Actes de procédure

Nullité - Vice de forme - Défaut de désignation de l’organe représentant la personne morale
Chambre mixte, 22 février 2002 (Bull. n° 1)

La Caisse régionale de crédit agricole mutuel Centre Loire (CRCAM) a, en son nom et en qualité de mandataire de plusieurs banques, assigné le représentant des créanciers et le commissaire à l’exécution du plan de la société coopérative Agricher en validité d’un warrant.

Ces derniers ont soulevé la nullité de l’assignation qui précisait simplement que la CRCAM agissait "poursuites et diligences de ses représentants légaux", tant en son nom personnel que comme mandataire des autres banques agissant elles-mêmes "poursuites et diligences de leurs représentants légaux", au motif que le défaut de désignation de l’organe représentant la personne morale dans l’acte d’assignation constituait un vice de fond.

La cour d’appel de Bourges avait retenu cette thèse et s’appuyant sur un arrêt de la Chambre commerciale du 3 juin 1998 (publié au bulletin des arrêts des chambres civiles, n° 174), elle avait prononcé la nullité de l’assignation au motif que son libellé ne permettait pas de vérifier si les "représentants légaux" avaient qualité pour représenter en justice les différents établissements et que ce défaut constituait un vice de fond.

Aux termes des articles 56 et 648 du nouveau Code de procédure civile, les actes d’huissiers doivent indiquer "si le requérant est une personne morale : sa forme, sa dénomination, son siège social et l’organe qui le représente légalement". Mais le défaut de l’une des mentions constitue-t-il un vice de forme ou un vice de fond ?

On sait que les vices de fond sont énumérés par l’article 117 du nouveau Code de procédure civile et que les nullités pour vice de forme sont expressément prévues par la loi, ou résultent d’un manquement à une formalité substantielle ou d’ordre public (art. 114 du nouveau Code de procédure civile), l’une des différences essentielles avec les vices de fond étant que celui qui invoque le vice de forme doit prouver le grief que lui cause l’irrégularité commise.

En l’espèce, la Chambre mixte a estimé qu’on ne pouvait considérer qu’il y avait vice de fond.

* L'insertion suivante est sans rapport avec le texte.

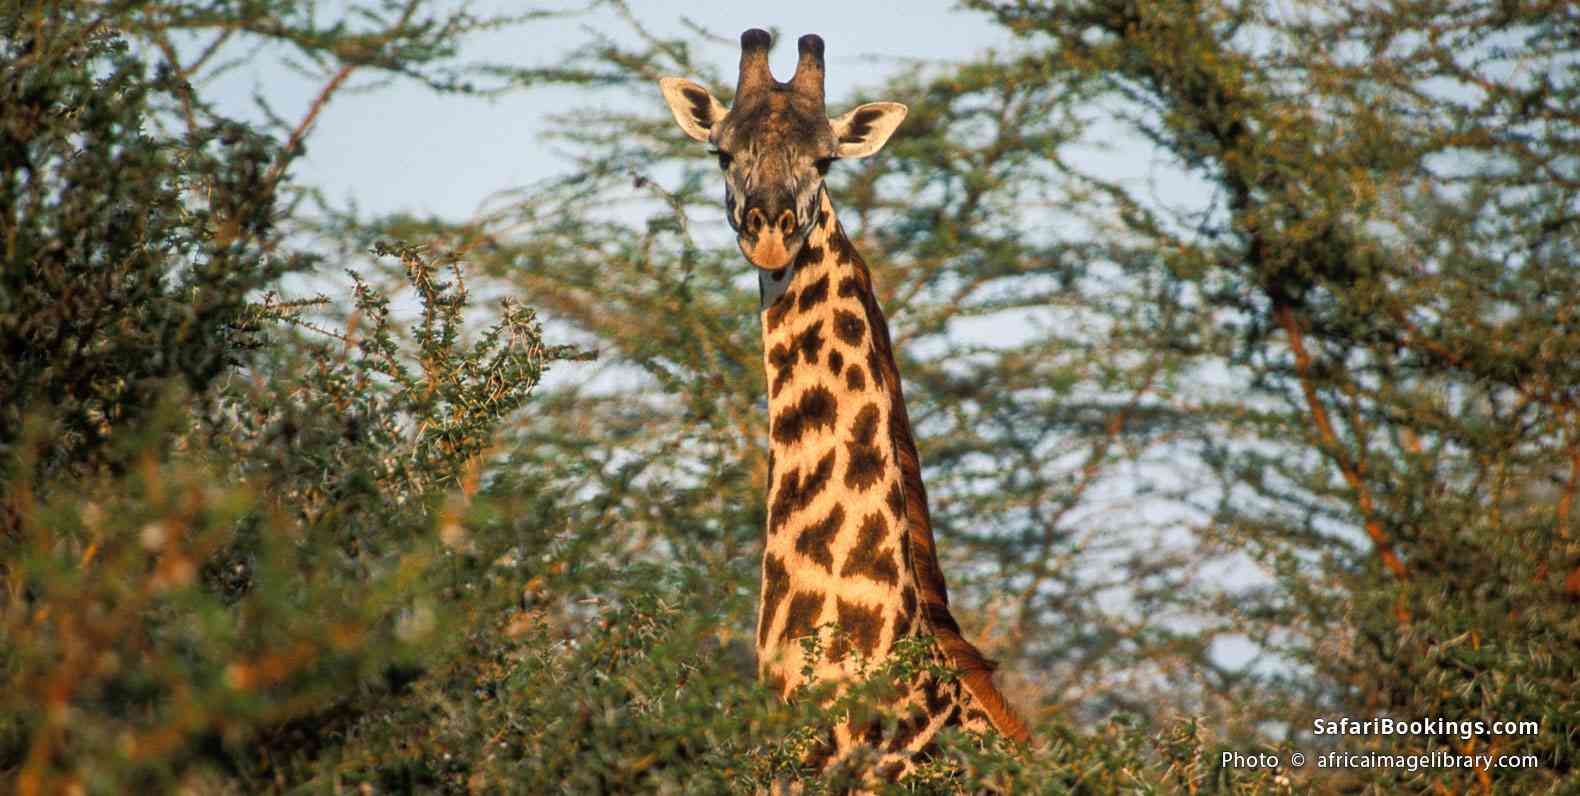 Masai giraffe in the African bush
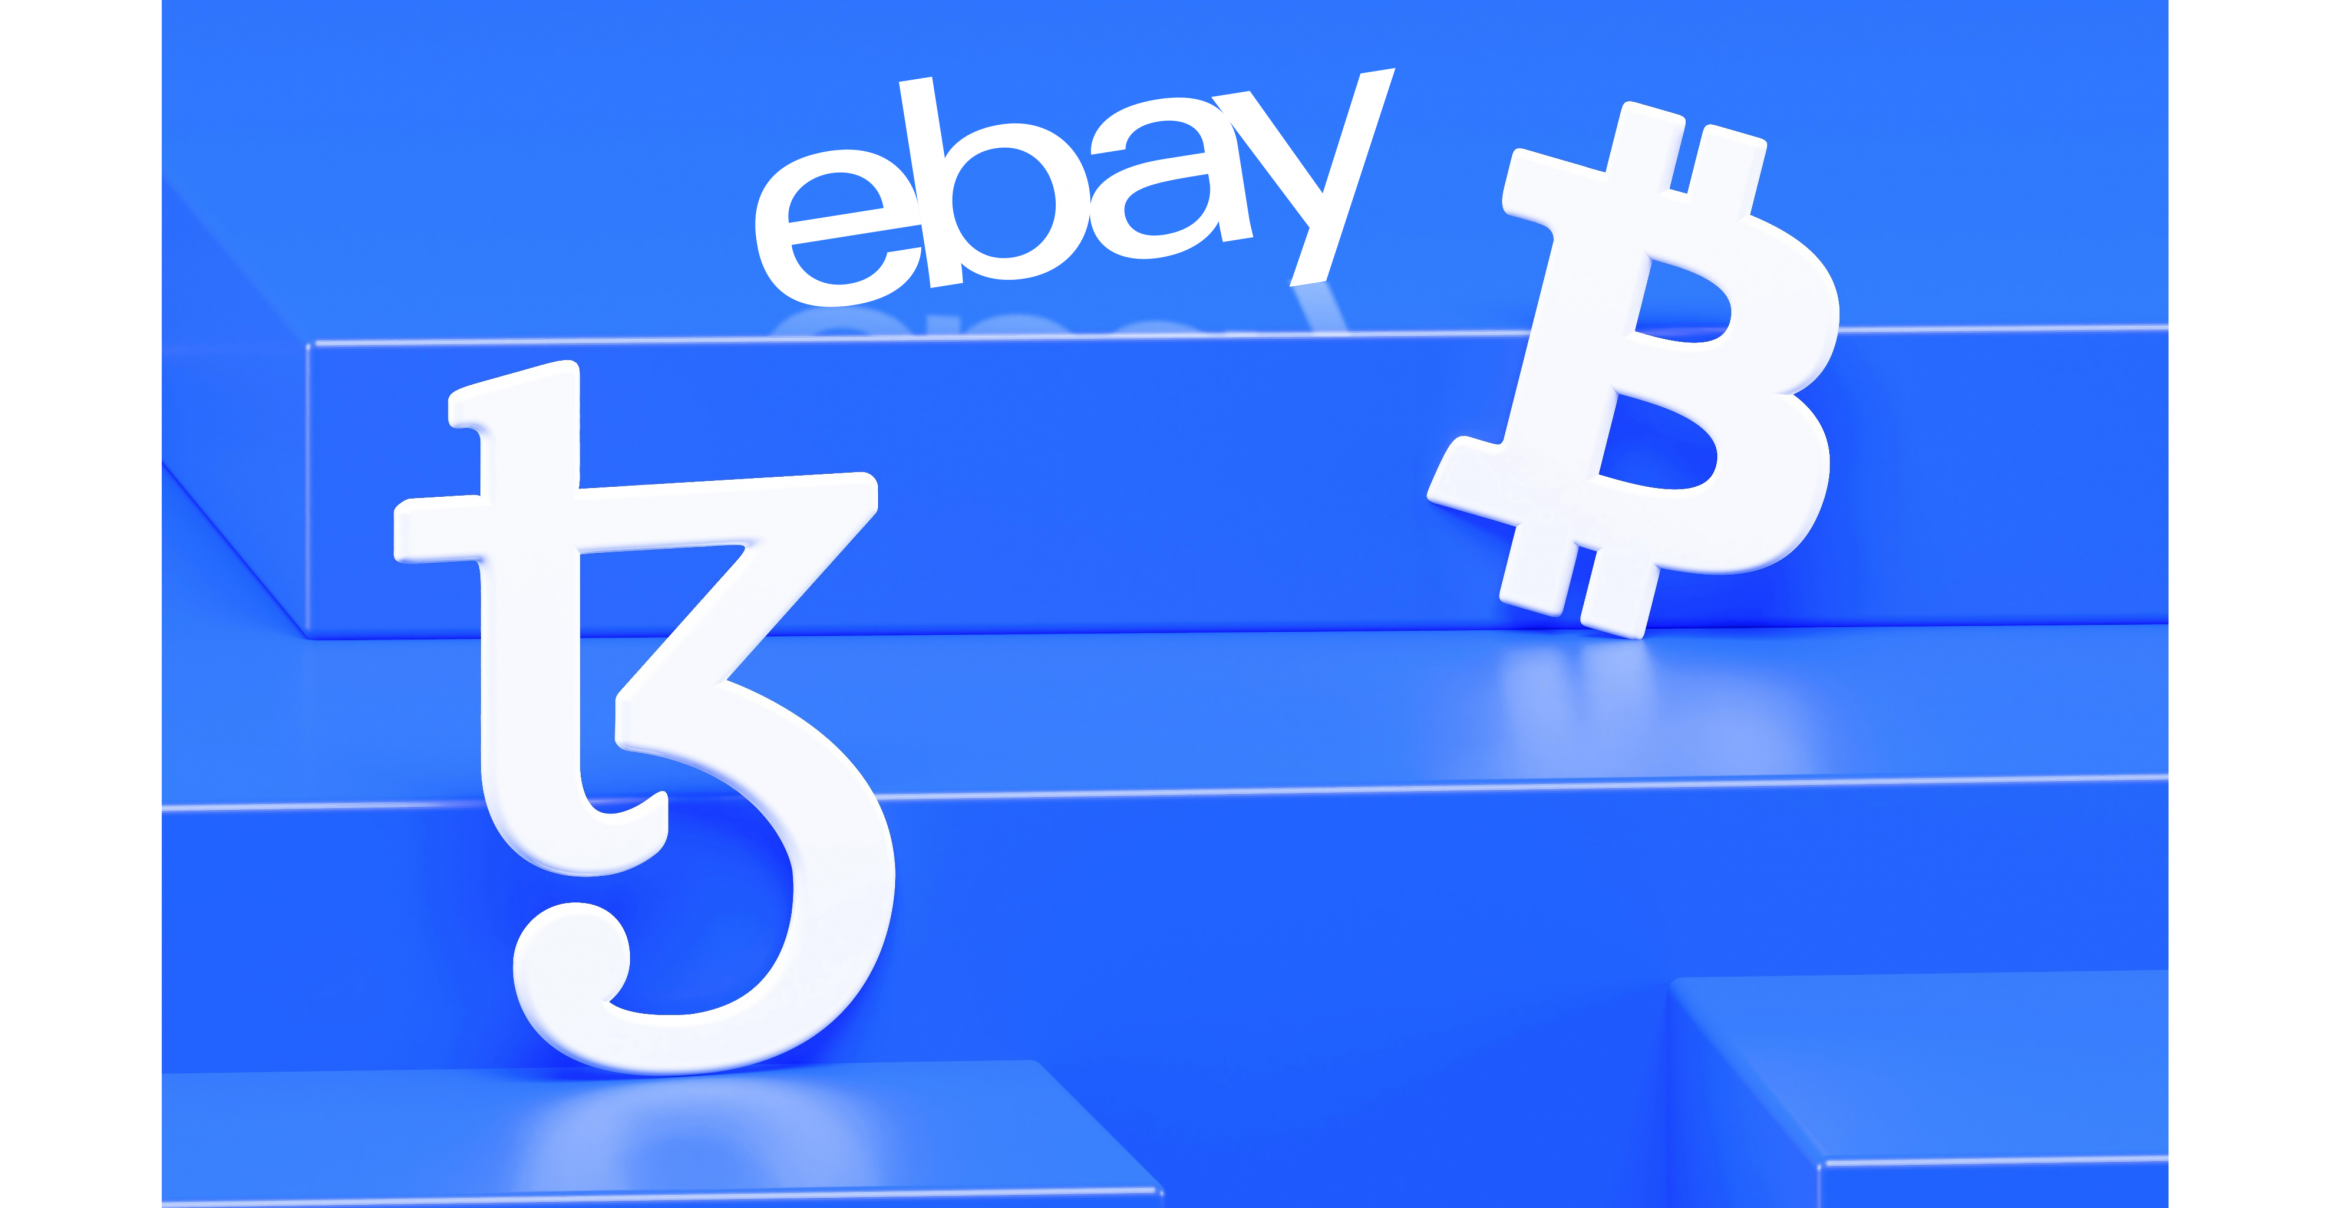 Integriert Ebay bald Kryptowährungen?

Rien ne permet en effet de dire que l’acte d’assignation faisait apparaître un défaut de capacité d’ester en justice ou un défaut de pouvoir et il était loisible aux défendeurs de demander toutes justifications sur la qualité et les pouvoirs des auteurs de l’assignation. L’acte nécessitait peut-être une demande d’éclaircissement, mais en lui-même, il ne pouvait permettre de constater un vice de fond : il ne pouvait donc s’agir que d’un vice de forme et les défendeurs devaient justifier de l’existence d’un grief, ce qu’ils ne faisaient pas.

Il est intéressant de rapprocher cet arrêt de celui rendu au visa de l’article 933 du nouveau Code de procédure civile par l’Assemblée plénière de la Cour de cassation le 7 juillet 2000. Il a été en effet affirmé qu’en matière de procédure sans représentation obligatoire, l’indication dans la déclaration d’appel de l’organe représentant légalement la personne morale n’est pas exigée : c’est bien dans le même esprit -la volonté d’éviter un formalisme trop pesant- que la Chambre mixte de la Cour de cassation a tranché. Il semble possible d’en déduire que la solution retenue par ces deux arrêts est valable pour tout acte de procédure.